REQUIREMENT: Although the listing contains pictures, reproduce only its text, exactly as written.

DATA SECTION:
##########

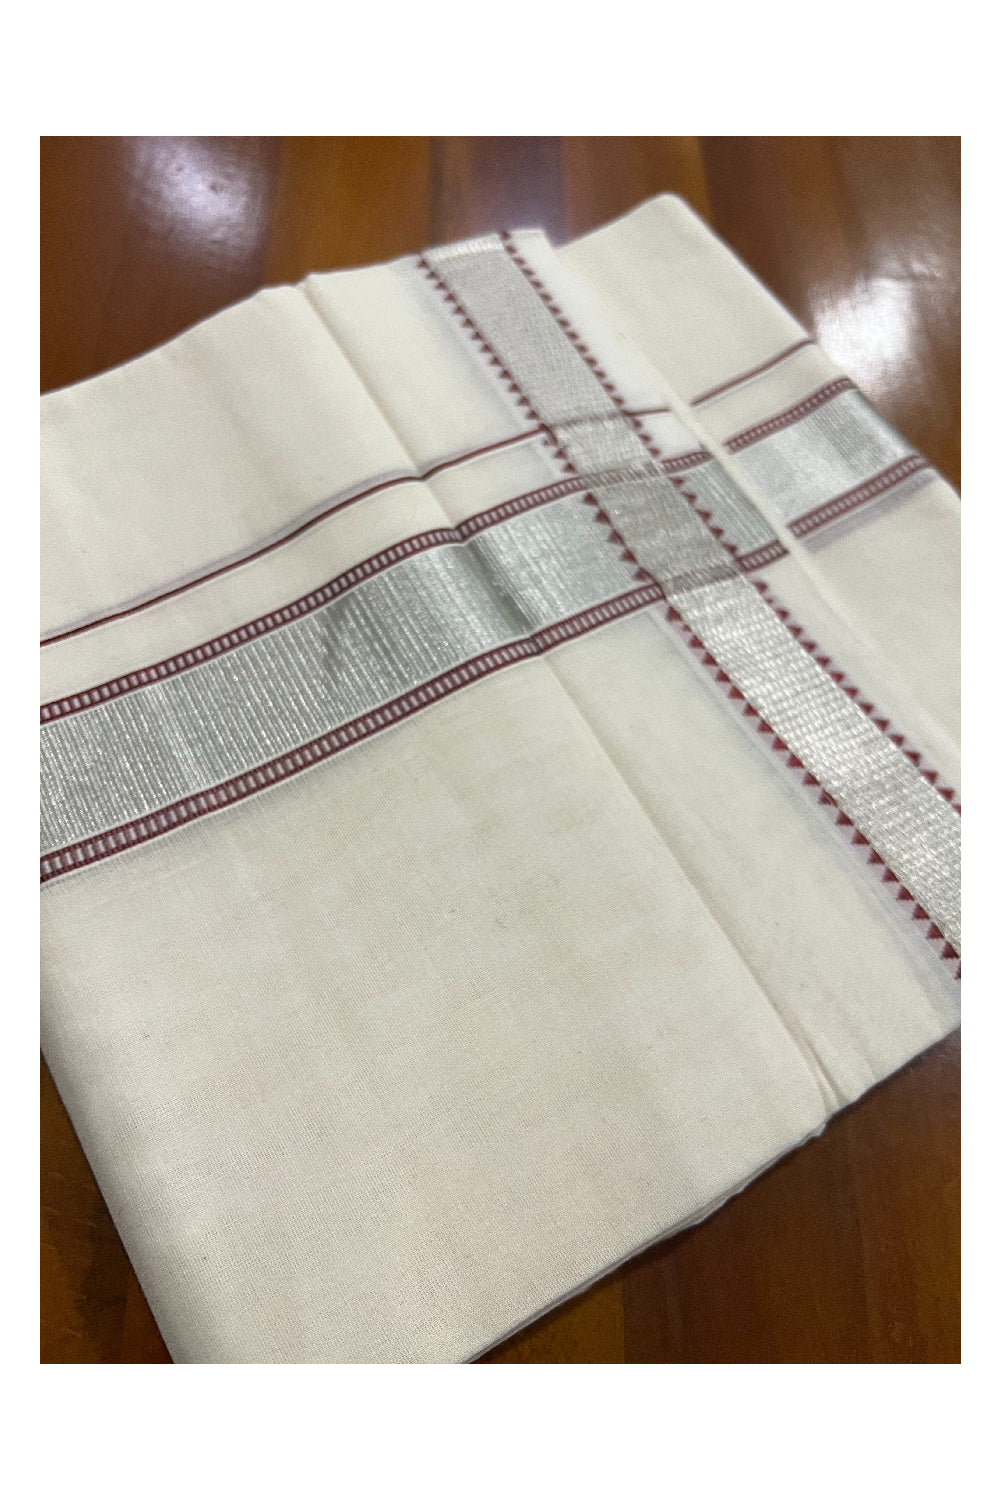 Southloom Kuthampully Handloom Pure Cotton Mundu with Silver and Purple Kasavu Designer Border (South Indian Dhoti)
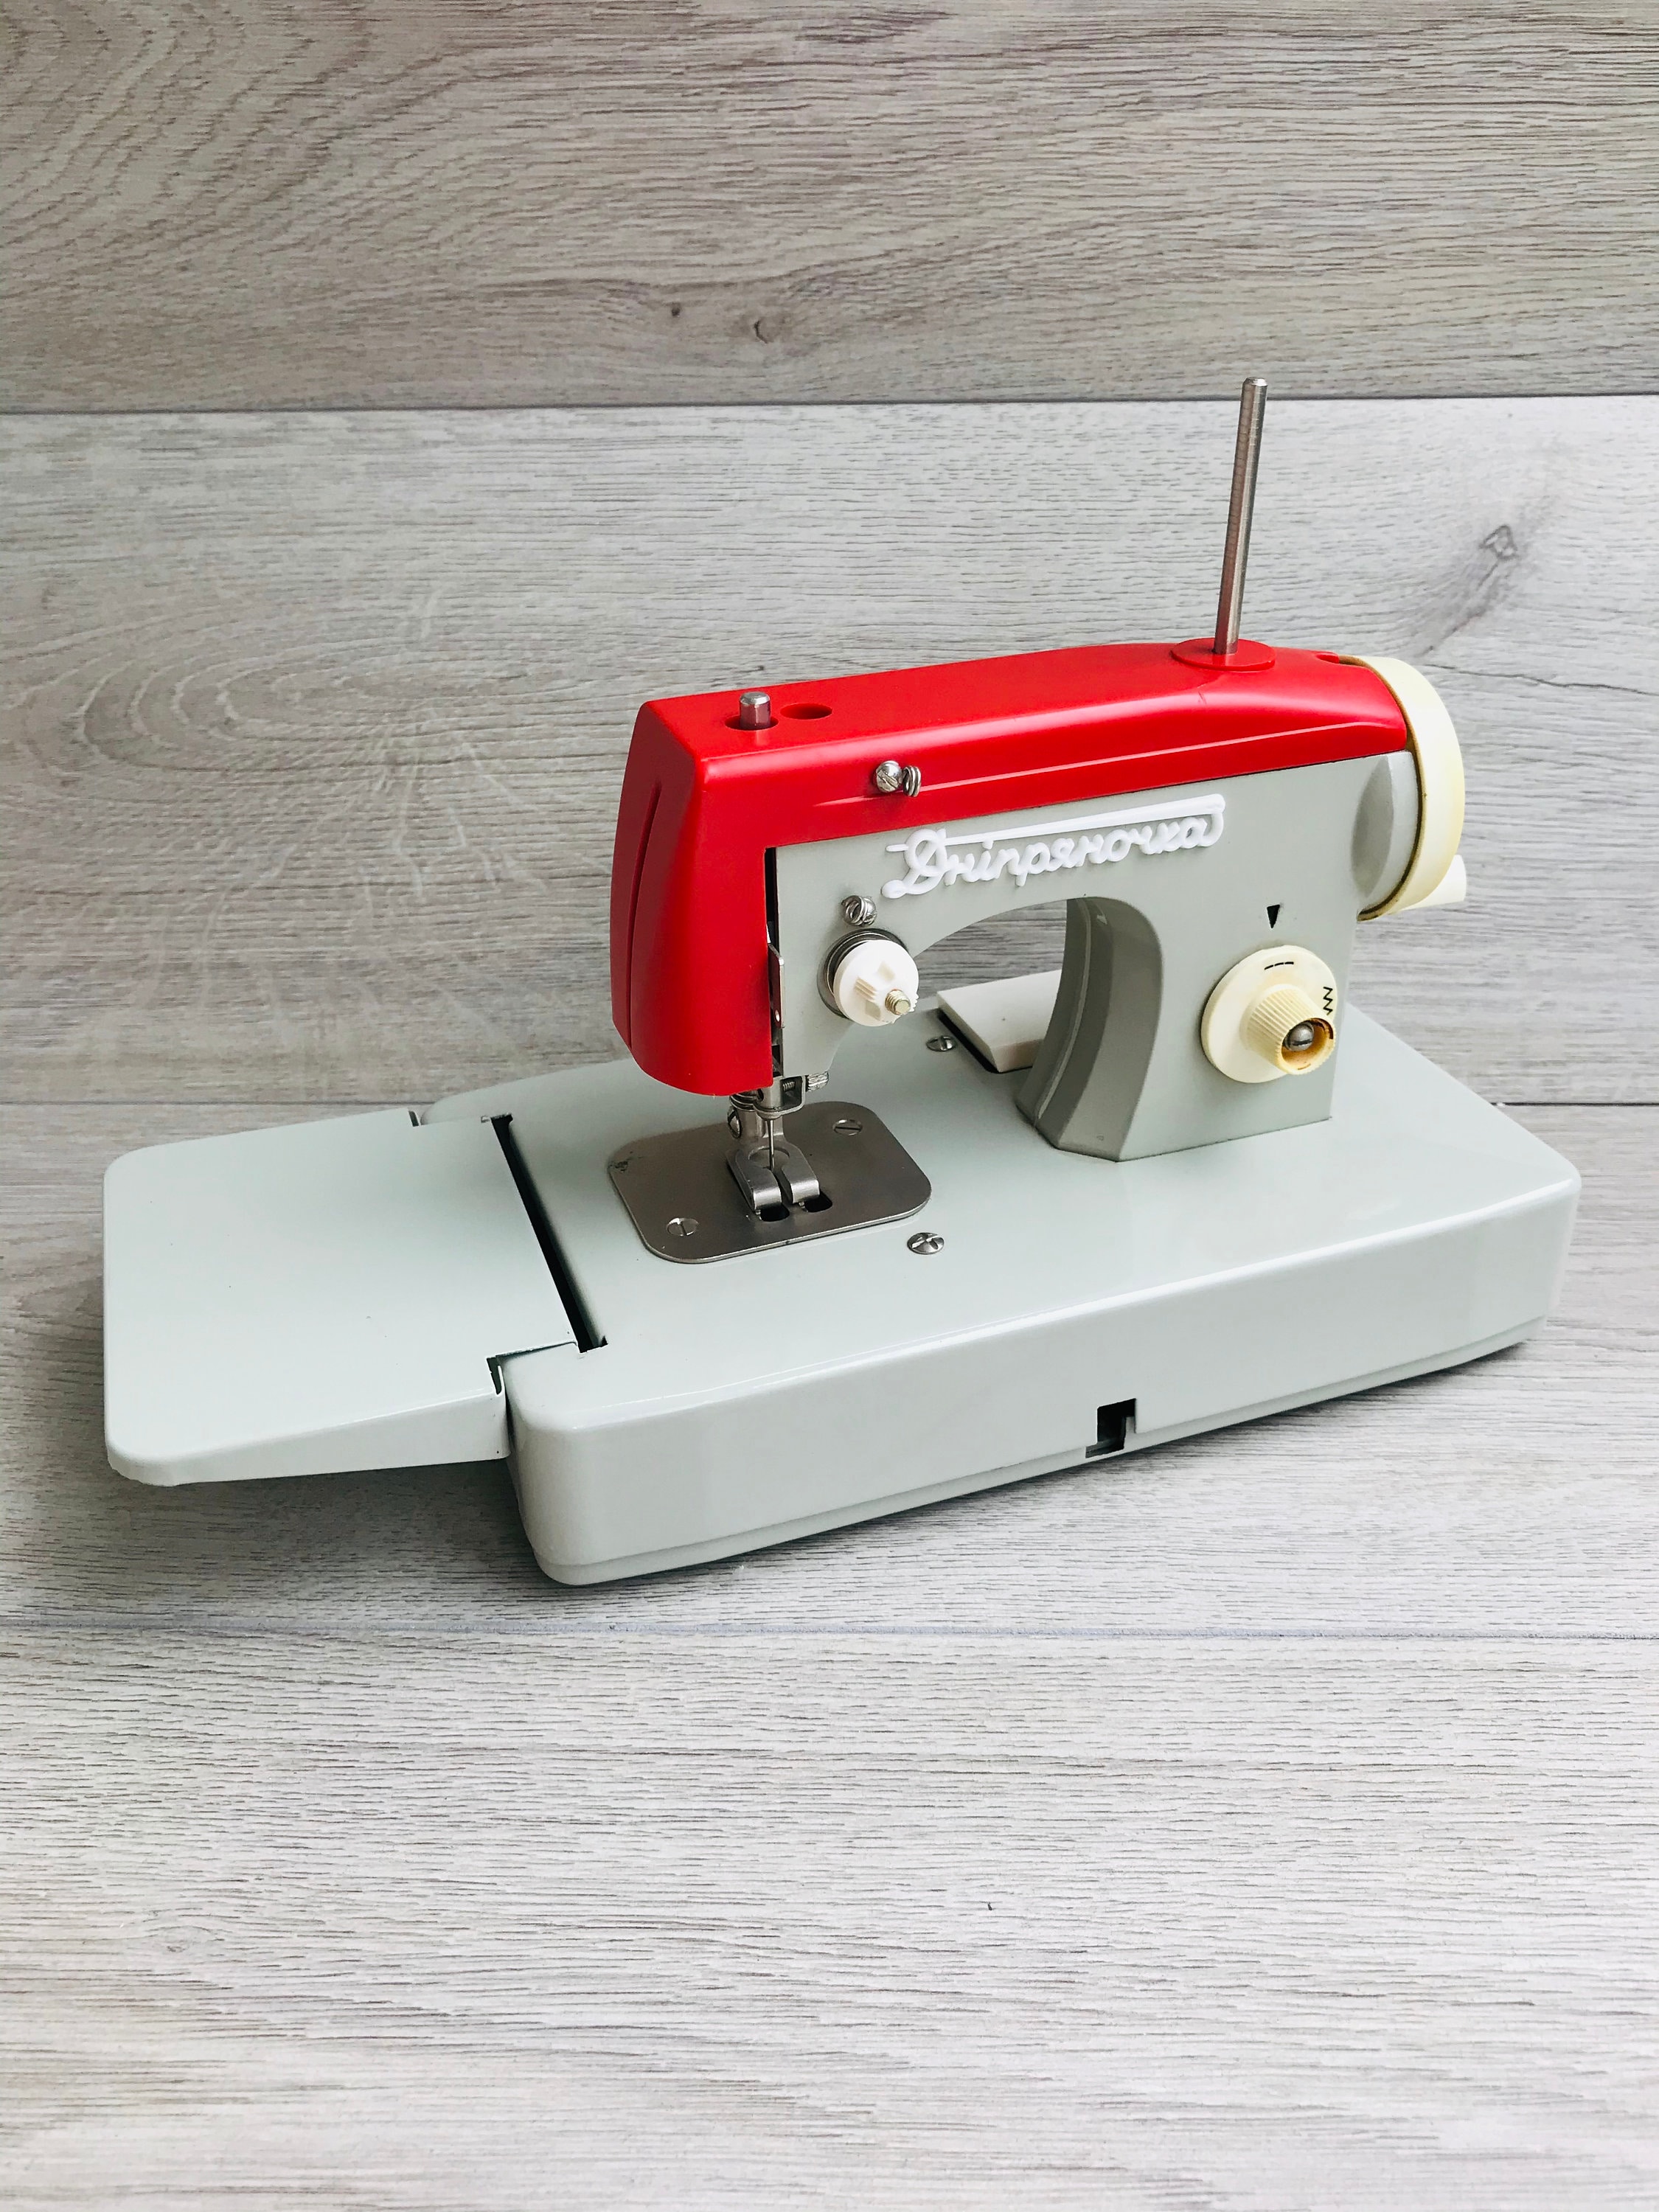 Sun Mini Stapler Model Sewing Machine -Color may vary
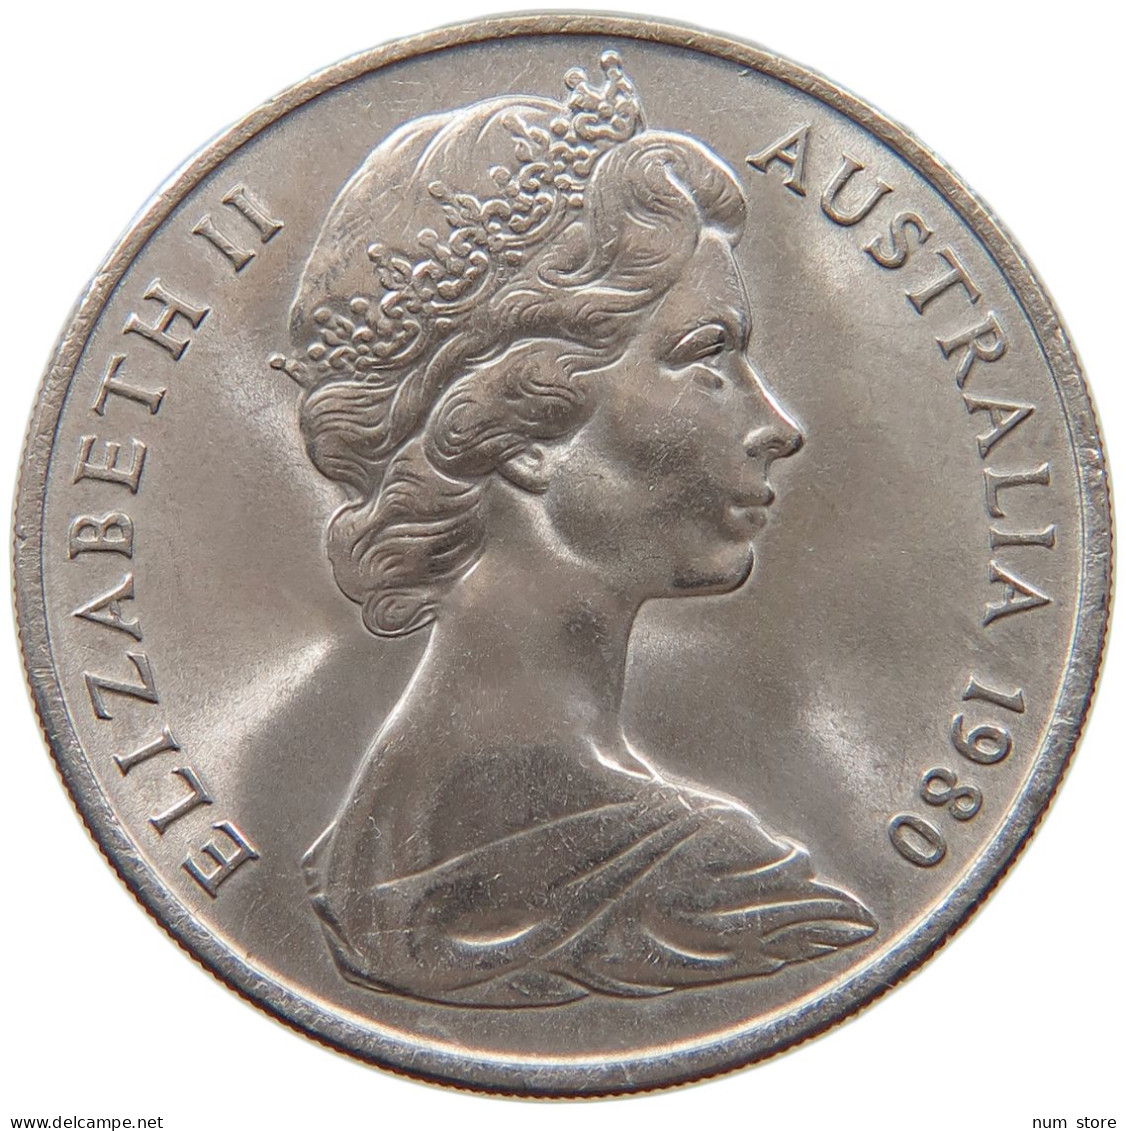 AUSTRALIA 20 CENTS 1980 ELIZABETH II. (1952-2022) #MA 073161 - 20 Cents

##########

EXERCISE RESULT:
 Southloom Kuthampully Handloom Pure Cotton Mundu with Silver and Purple Kasavu Designer Border (South Indian Dhoti)
 Sun Mini Stapler Model Sewing Machine -Color may vary
 AUSTRALIA 20 CENTS 1980 ELIZABETH II. (1952-2022) #MA 073161 - 20 Cents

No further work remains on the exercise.